- To: NeilBrown <neilb@xxxxxxx>
- Subject: Re: MD Raid10 recovery results in "attempt to access beyond end of device"
- From: Christian Balzer <chibi@xxxxxxx>
- Date: Fri, 22 Jun 2012 17:42:57 +0900
- Cc: linux-raid@xxxxxxxxxxxxxxx
- In-reply-to: <20120622180748.5f78339c@notabene.brown>
- Organization: FusionGOL
Hello,
On Fri, 22 Jun 2012 18:07:48 +1000 NeilBrown wrote:
> On Fri, 22 Jun 2012 16:06:32 +0900 Christian Balzer <chibi@xxxxxxx>
> wrote:
>
> >
> > Hello,
> >
> > the basics first:
> > Debian Squeeze, custom 3.2.18 kernel.
> >
> > The Raid(s) in question are:
> > ---
> > Personalities : [raid1] [raid10]
> > md4 : active raid10 sdd1[0] sdb4[5](S) sdl1[4] sdk1[3] sdj1[2] sdi1[1]

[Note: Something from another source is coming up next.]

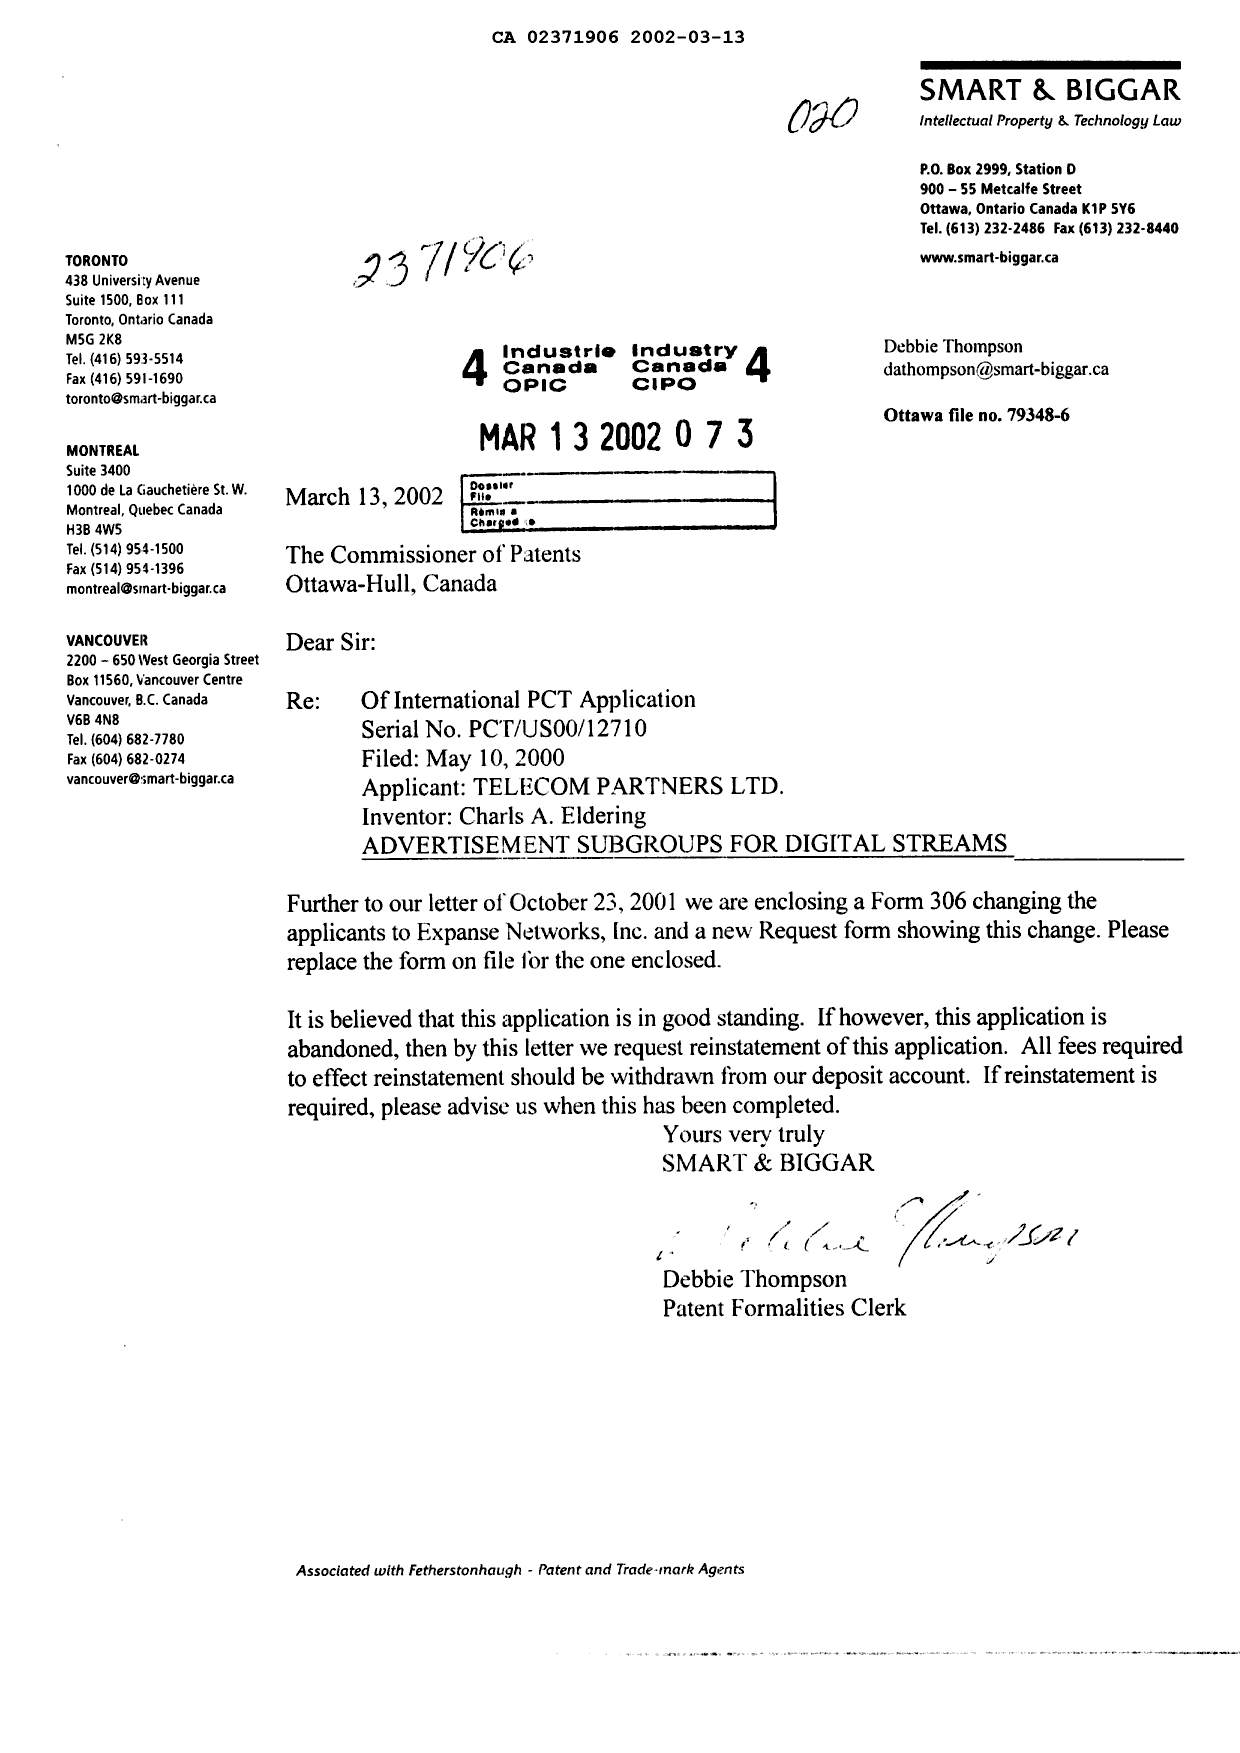 Canadian Patent Document 2371906. Correspondence 20020313. Image 1 of 3

> > 3662836224 blocks super 1.2 512K chunks 2 near-copies [5/5]
> > [UUUUU]
>
> I'm stumped by this. It shouldn't be possible.
>
> The size of the array is impossible.
>
> If there are N chunks per device, then there are 5*N chunks on the whole
> array, and there are are two copies of each data chunk, so
> 5*N/2 distinct data chunks, so that should be the size of the array.
>
> So if we take the size of the array, divide by chunk size, multiply by 2,
> divide by 5, we get N = the number of chunks per device.
> i.e.
> N = (array_size / chunk_size)*2 / 5
>
> If we plug in 3662836224 for the array size and 512 for the chunk size,
> we get 2861590.8, which is not an integer.
> i.e. impossible.
>
Quite right, though I never bothered to check that number of course,
pretty much assuming after using Linux MD since the last millennium that
it would get things right. ^o^
> What does "mdadm --examine" of the various devices show?
>
They looks all identical and sane to me:
---
/dev/sdc1:
Magic : a92b4efc
Version : 1.2
Feature Map : 0x0
Array UUID : 2b46b20b:80c18c76:bcd534b5:4d1372e4
Name : borg03b:3 (local to host borg03b)
Creation Time : Sat May 19 01:07:34 2012
Raid Level : raid10
Raid Devices : 5
Avail Dev Size : 2930269954 (1397.26 GiB 1500.30 GB)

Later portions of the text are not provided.